:: What the exercise asks ::
Your answer must be an exact copy of the listing that follows, with all pictures omitted.

___ Source data ___

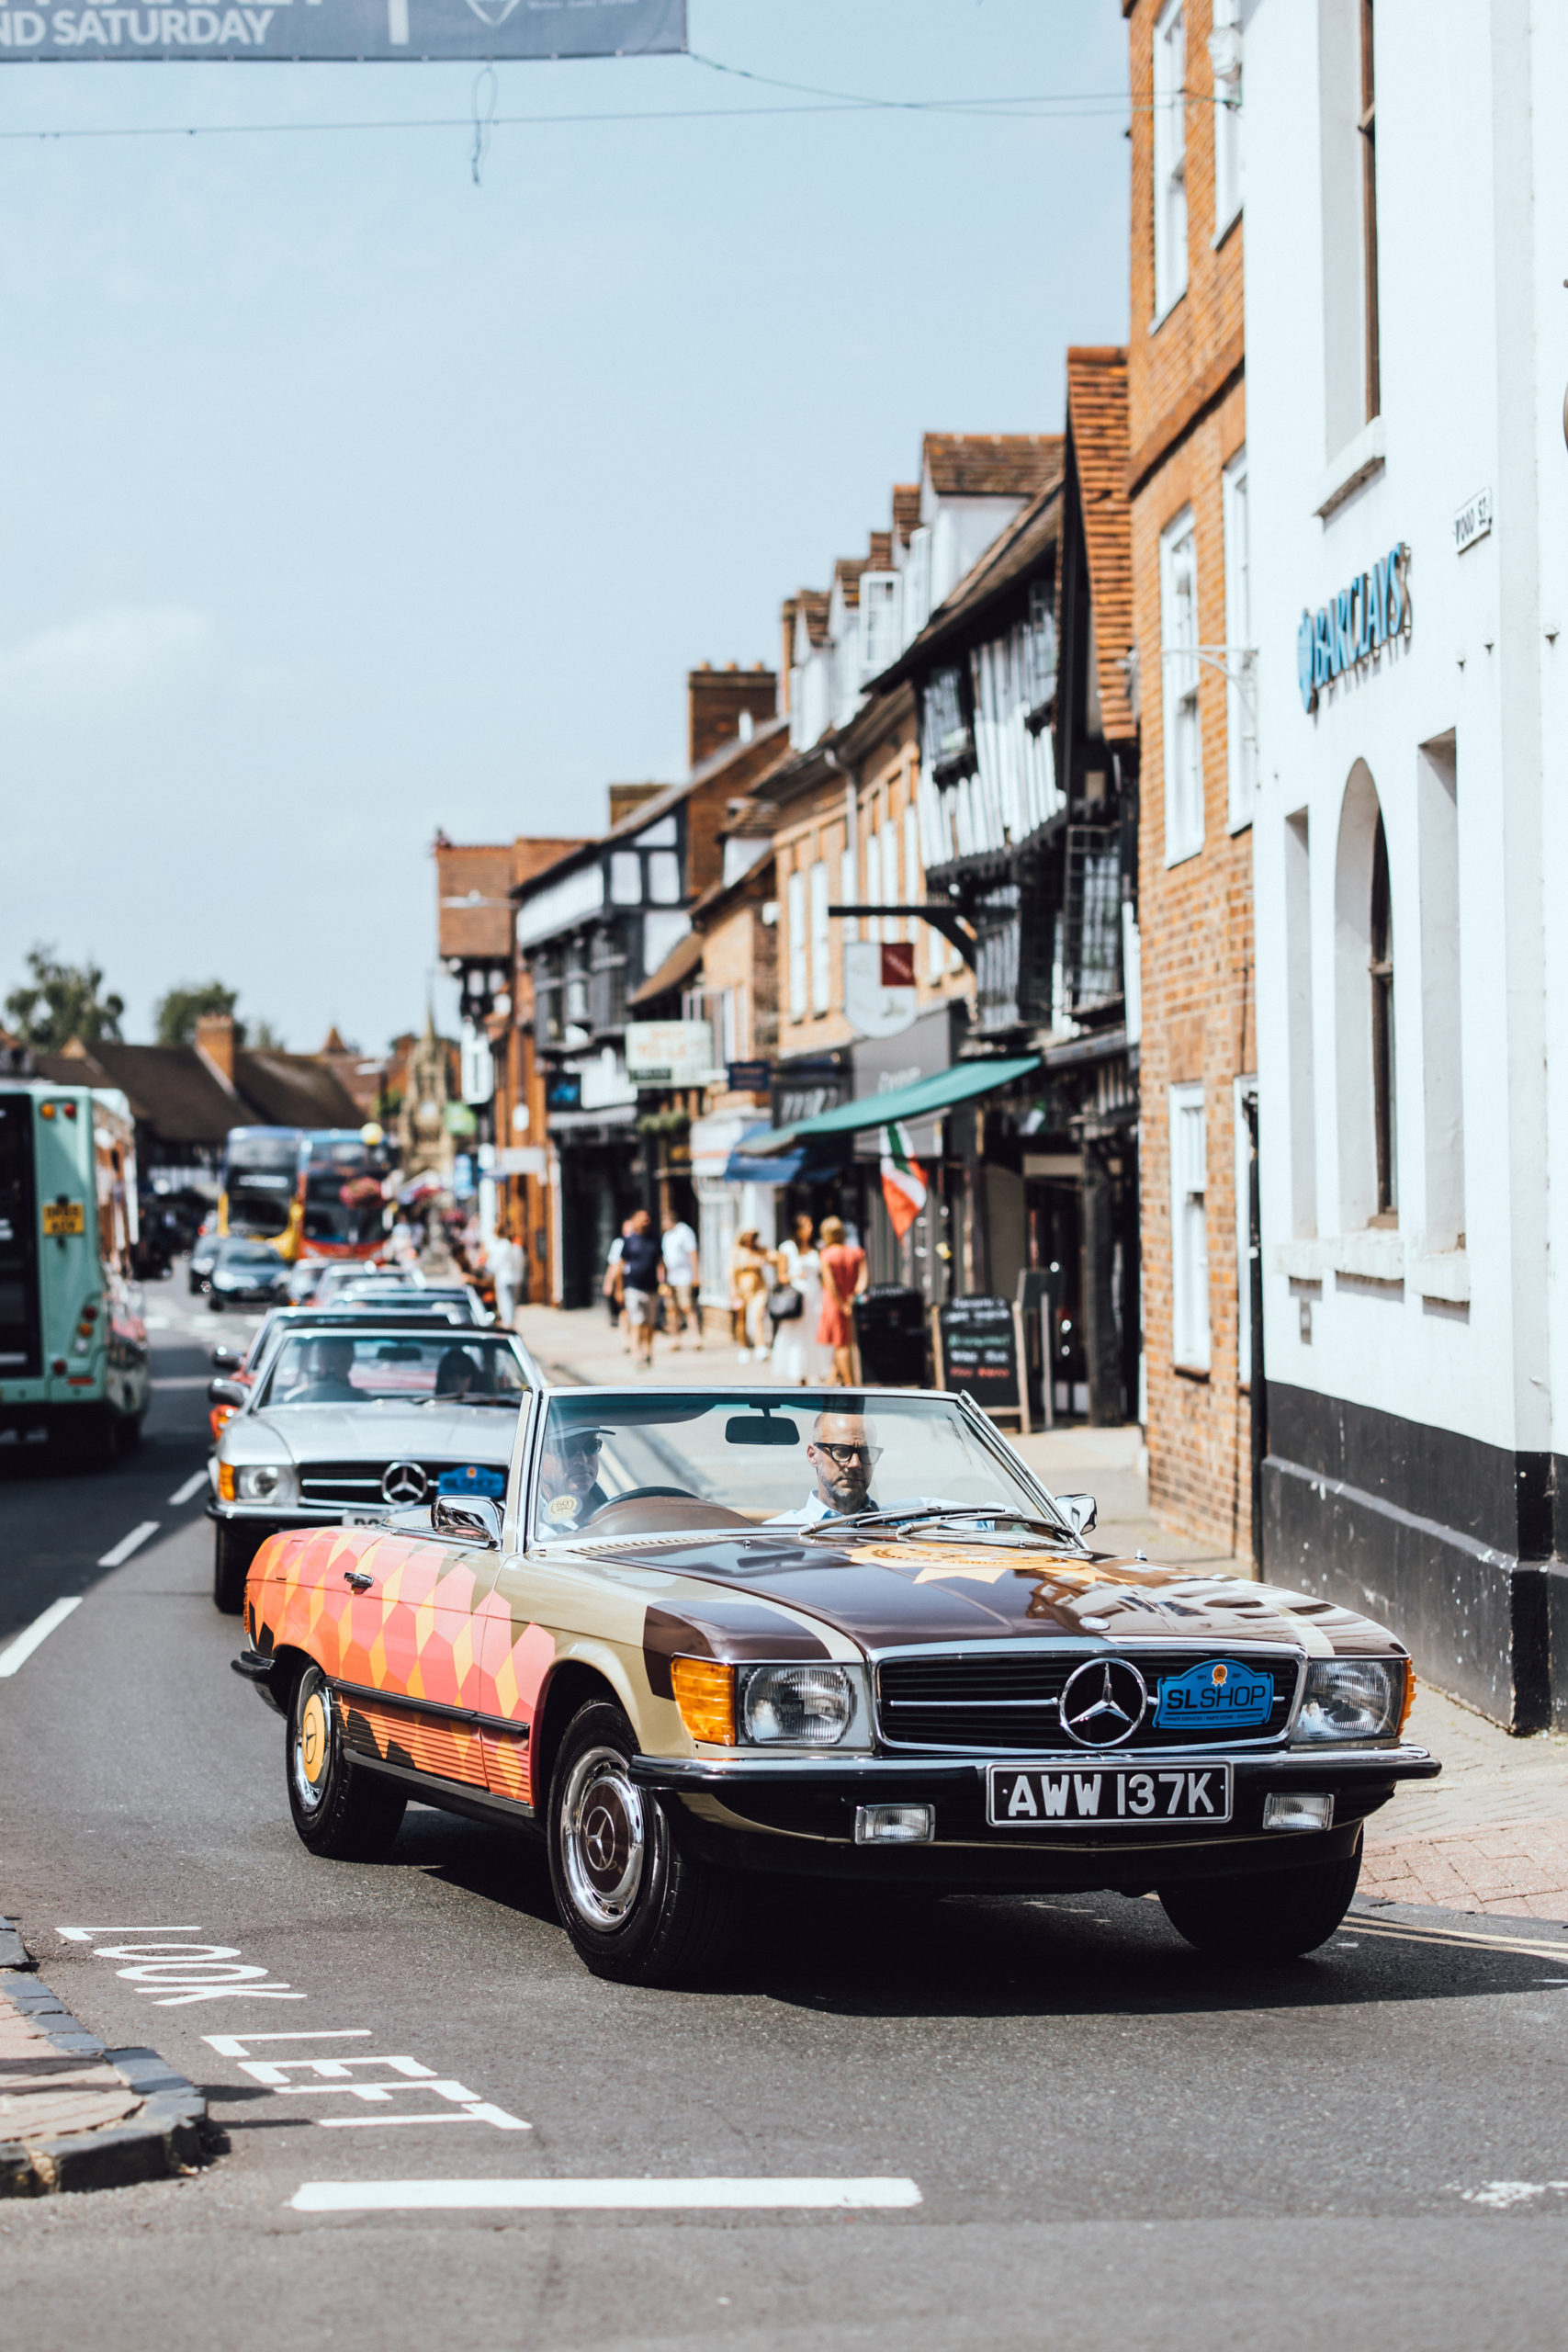 SLSHOP's Art Car driving through Stratford-Upon Avon.
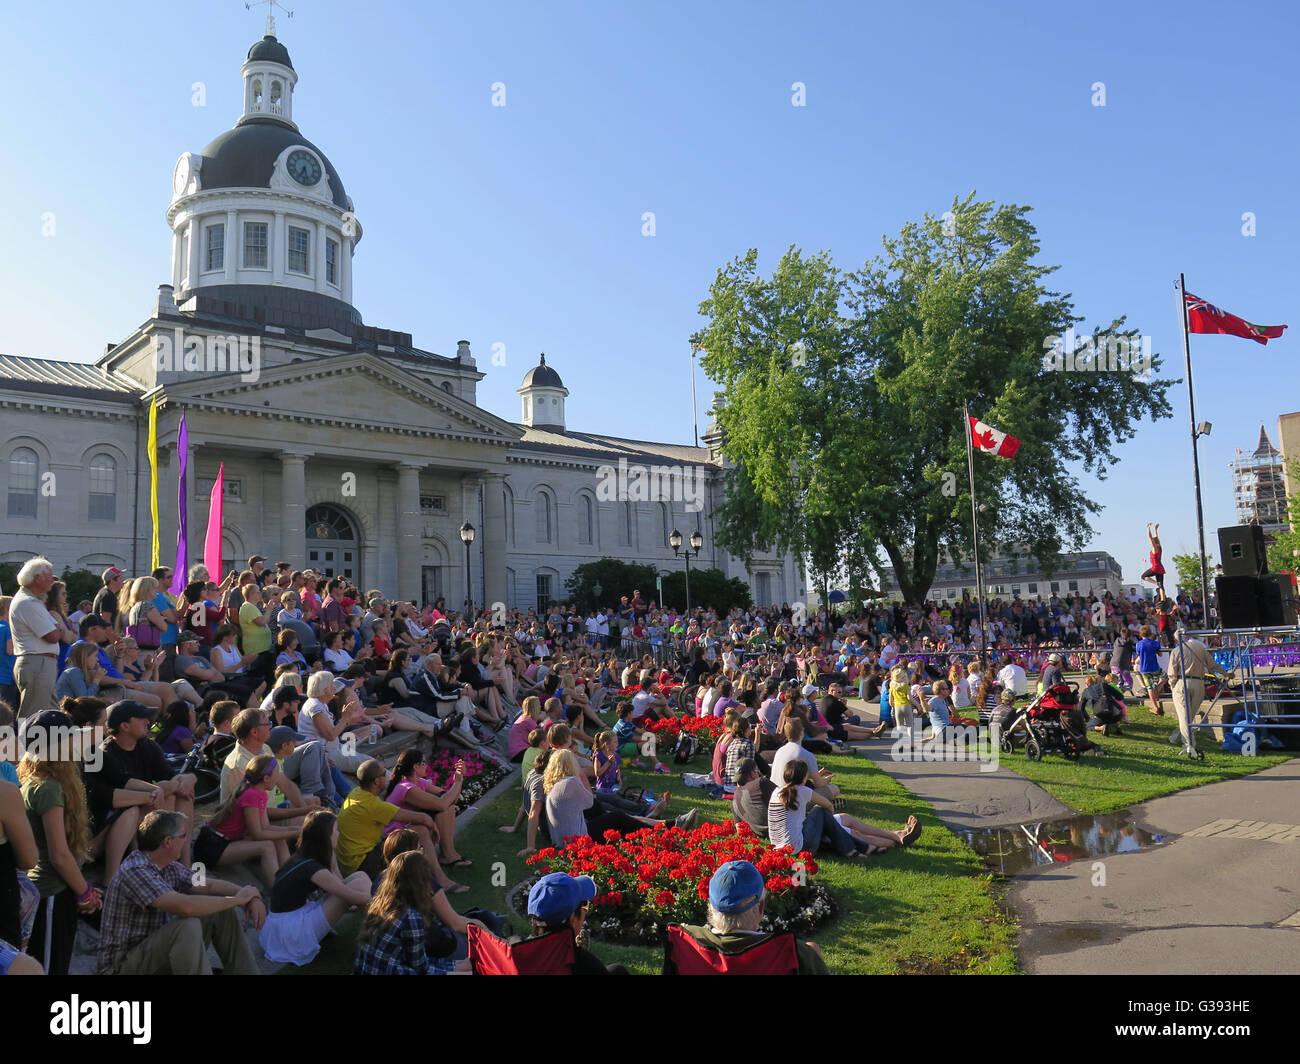 City hall, Kingston, Ontario, Canada Stock Photo
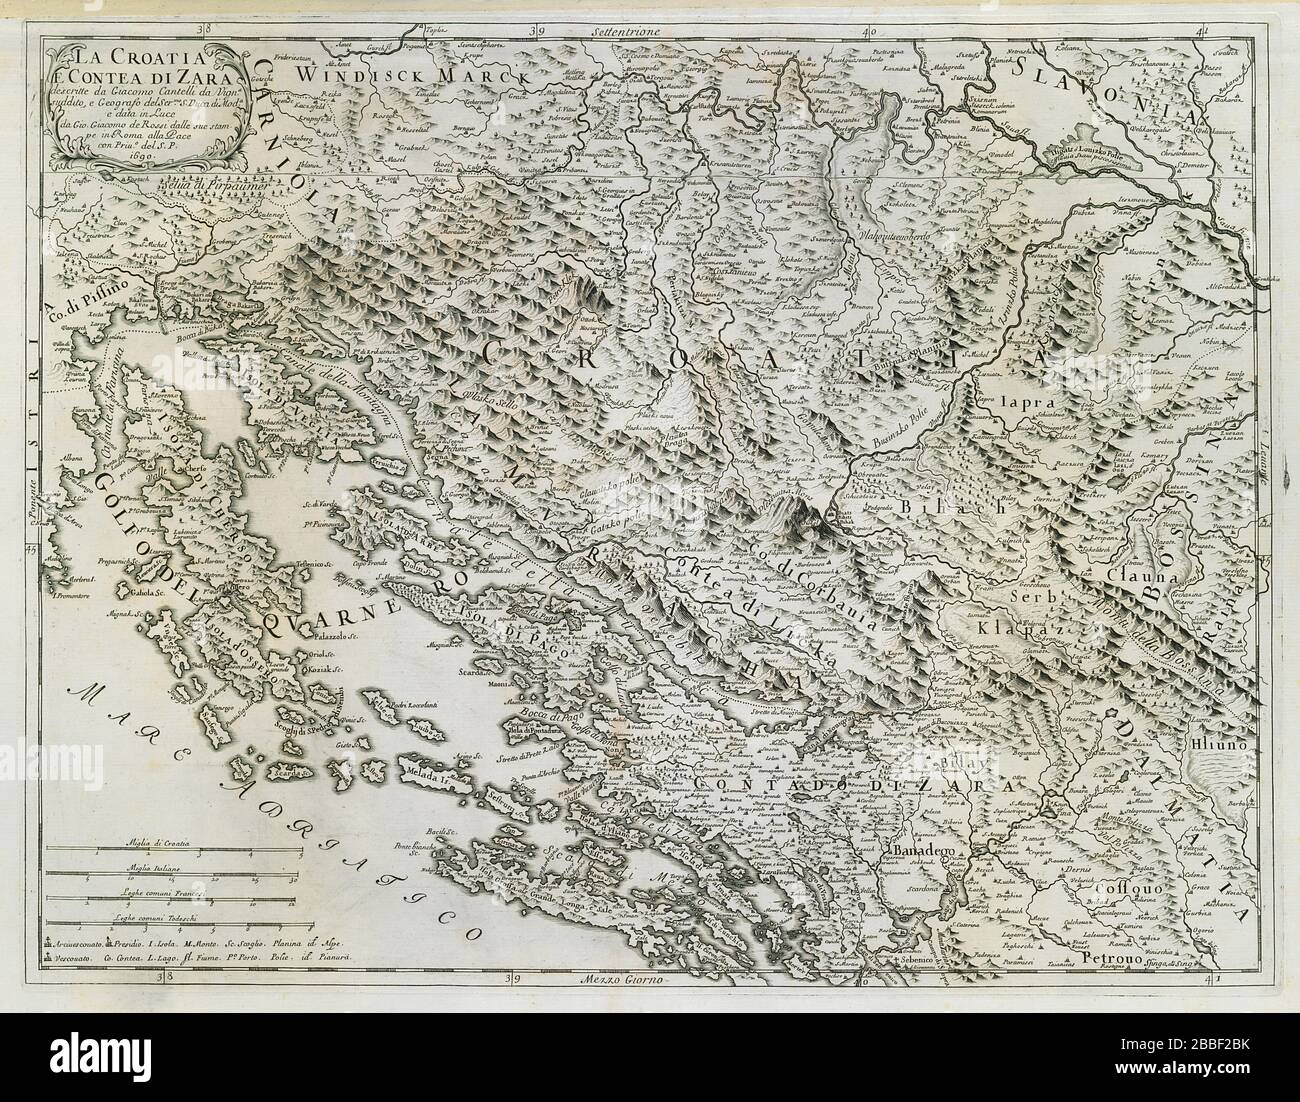 La Croazia e Contea di Zara. Kvarner Dalmazia Zadar. MAPPA ROSSI / CANTELLI  1690 Foto stock - Alamy

___

:: Task solution ::
 SLSHOP's Art Car driving through Stratford-Upon Avon.
 City hall, Kingston, Ontario, Canada Stock Photo
 La Croazia e Contea di Zara. Kvarner Dalmazia Zadar. MAPPA ROSSI / CANTELLI  1690 Foto stock - Alamy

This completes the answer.